Latest working kernel version: 2.6.24-rc5.mm1 has been confirmed to work fine
Earliest failing kernel version: N/A unfortunately. I don't reboot often enough to notice it
Distribution: Fedora Devel
Hardware Environment: CK804 + AMD X2
Software Environment: early udev boot
See attached picture. As the kernel scrolls very fast at this point it took me weeks to get a correct screen capture
Steps to reproduce:
Boot. Will almost always result in hang. shift+page-up repeatedly at boot time reduces hang probability
See also https://bugzilla.redhat.com/show_bug.cgi?id=441765
Created attachment 15814 [details]
oops screen capture
Created attachment 15815 [details]
dmesg on the same kernel after a non-oopsing boot
Created attachment 15816 [details]
so - if this happens with fedora kernel, which is a distro specific kernel which may contain several patches - does the same happen with vanilla kernel?
can you try, if 2.6.25 vanilla makes a difference?
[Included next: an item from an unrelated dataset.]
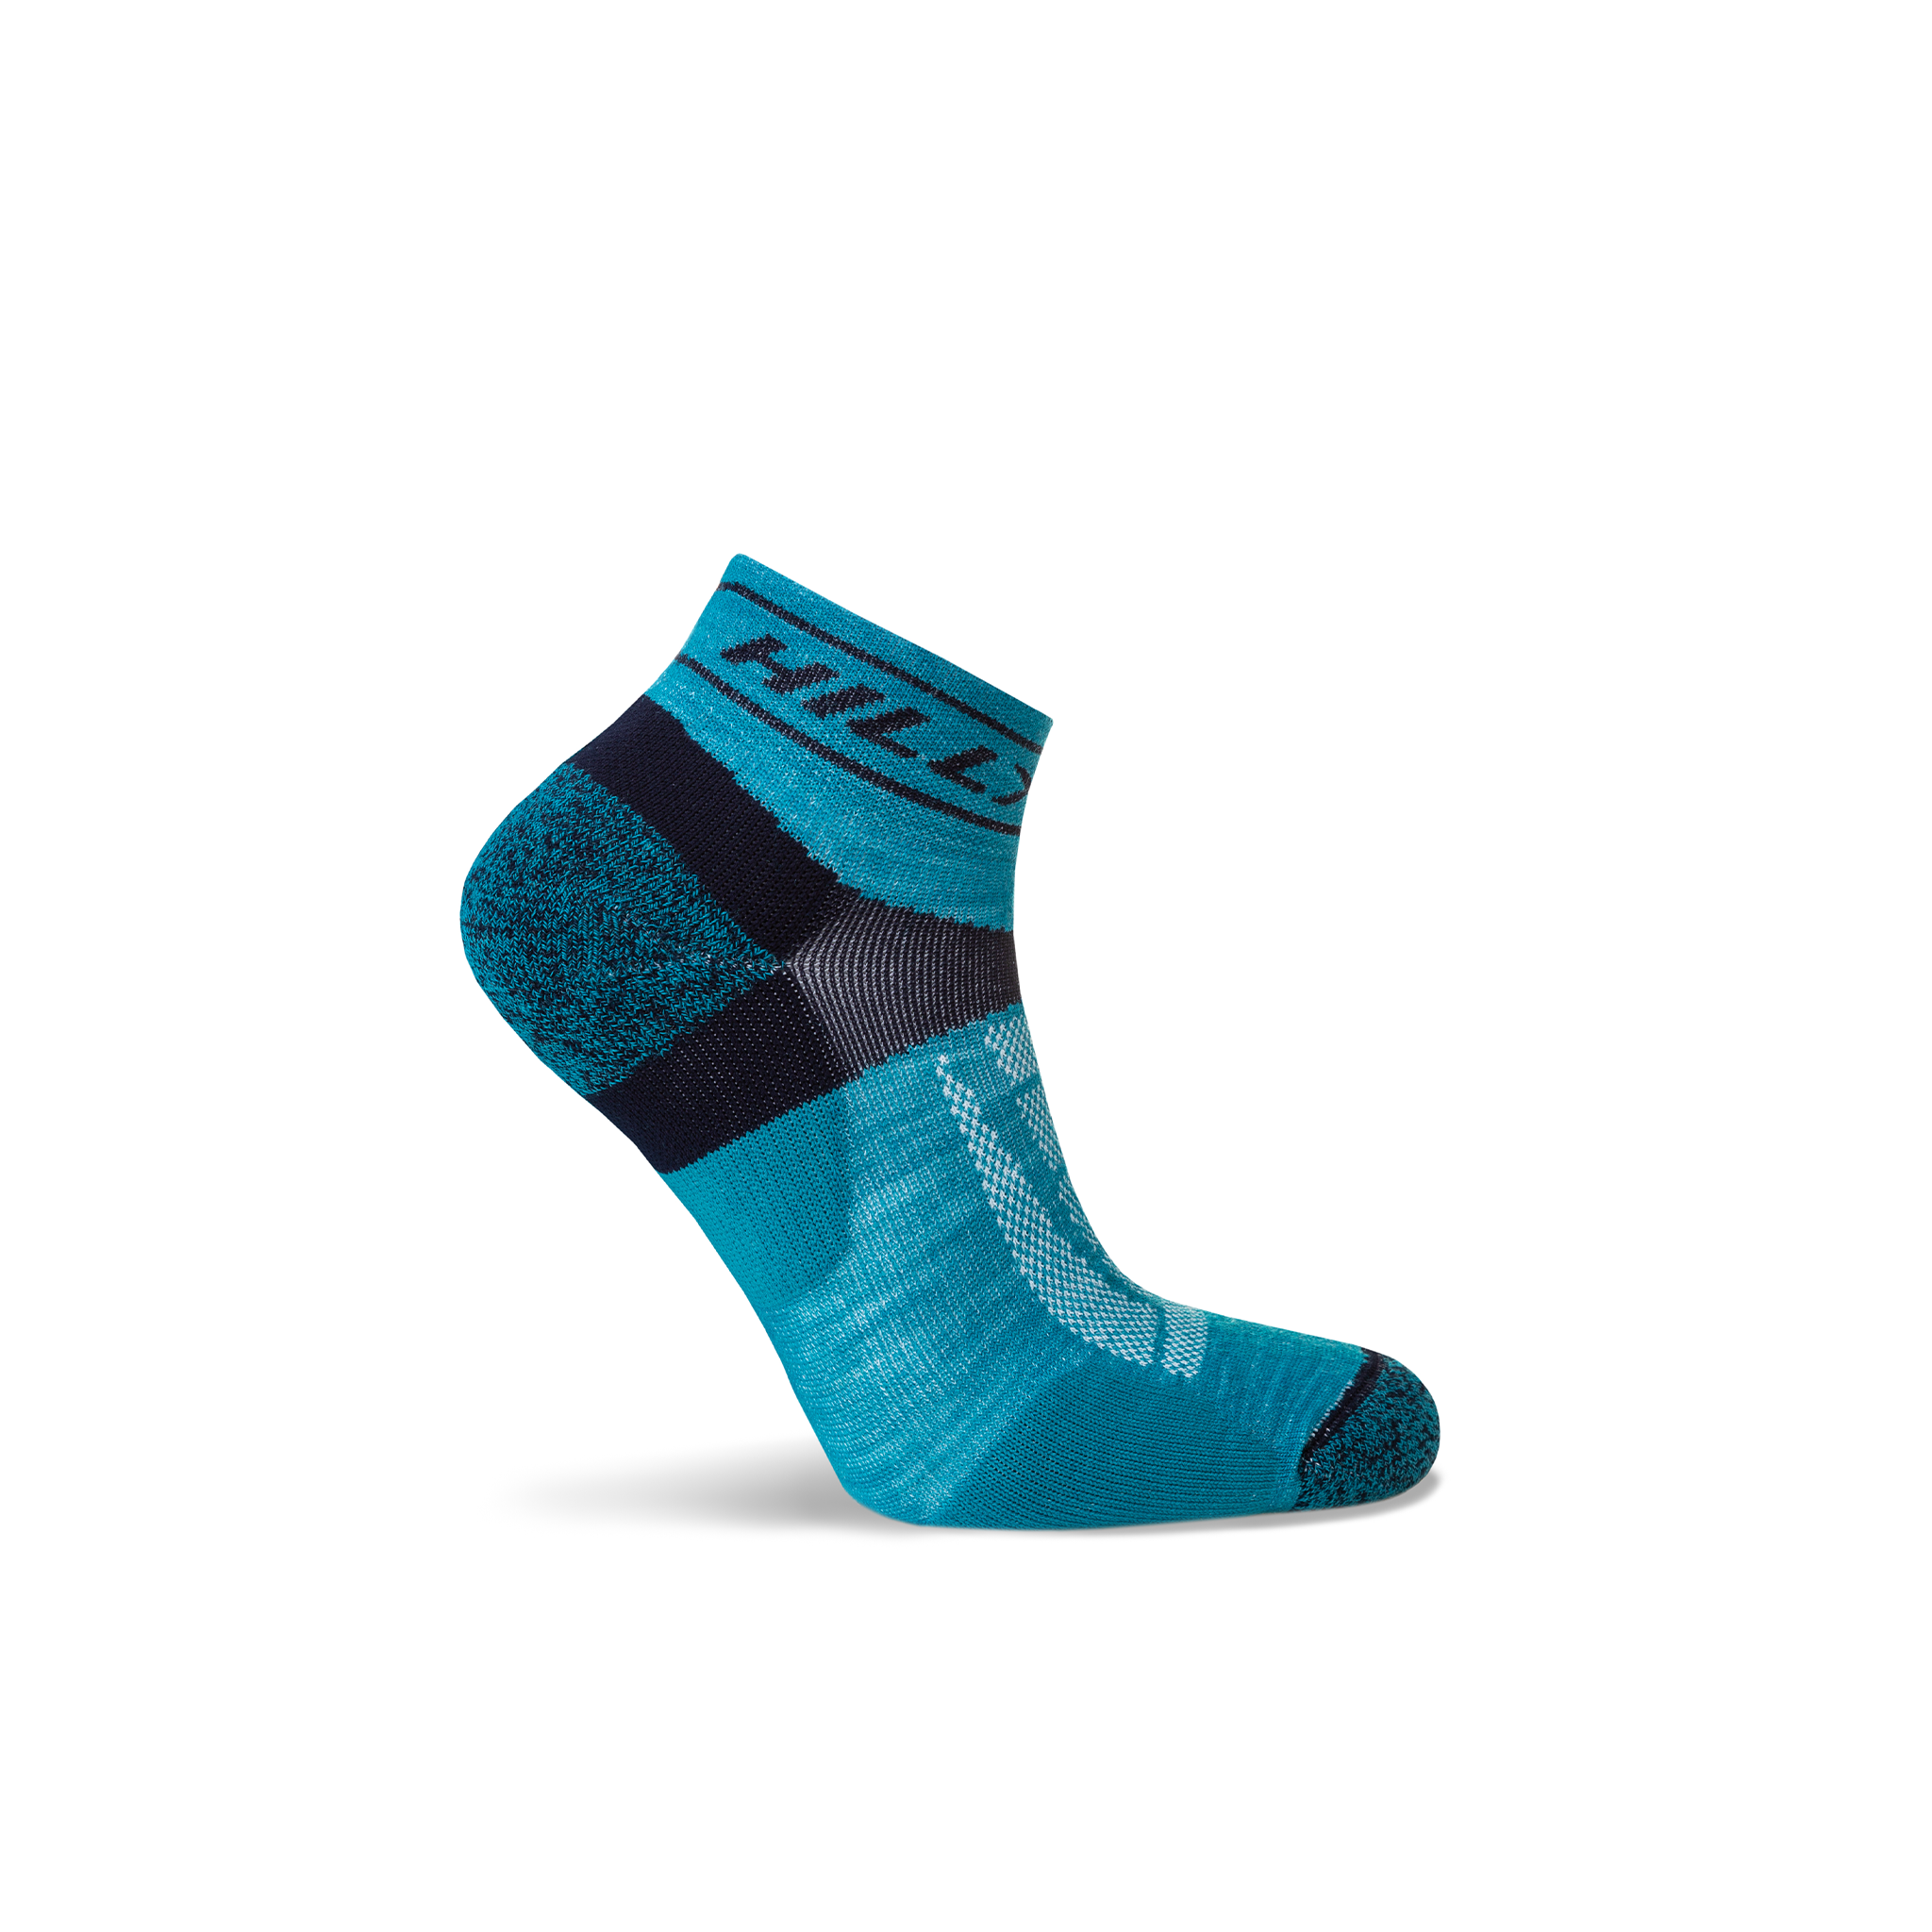 Hilly Trail Quarter - Turquoise/Navy

I probably won't have access to this particular system before the end of the week, sorry. Already spent an awful lot of time just to get a good Oops capture
thank you for your time.
nevertheless, additional input would be very appreciated.
not sure if you can get a "vanilla kernel rpm" for fedora, so you could save compile effort/time - for suse there is such.
does this happen with 32 or 64 bit ?
Created attachment 15841 [details]
source code and disassembly of failing function
mddev is used once after being stored here:
2087 mddev_t *mddev = rdev->mddev;
Later on rdev->mddev is used but it is no longer equal to mddev -- something has changed it. We then try to unlock using a bad address.
Created attachment 15902 [details]
Another screen capture, this time on a vanilla kernel
It seems a vanilla kernel such as
fails the same way
The oops is on line 2099 in drivers/md/md.c:
rdev is NULL but it was a valid address upon entry to the function.
so this oops is in md/raid code ?
nicolas, are you using software raid or lvm volumes ?
I'm using lvm over md
# cat /proc/mdstat
Personalities : [raid1] [raid6] [raid5] [raid4]
md0 : active raid1 sda1 sdb1
2096384 blocks [2/2] [UU]
md1 : active raid1 sda3 sdb3
288856640 blocks [2/2] [UU]
unused devices: <none>
--- Physical volume ---
PV Name /dev/md1
VG Name VolGroup00
PV Size 275,48 GB / not usable 38,56 MB
PE Size (KByte) 65536
Total PE 4407
Free PE 2211
Allocated PE 2196
PV UUID 5vhc8L-w0Jt-cTIo-Hswk-NtbK-eWuP-d3q6J1
Created attachment 15938 [details]
patch to fix oops.
This patch will probably fix the problem.
I'll submit it for the -stable series.
if you like you may try the patch and report result here....
if not, you may wait that it appears upstream and you can try the vanilla kernel from fedora project then.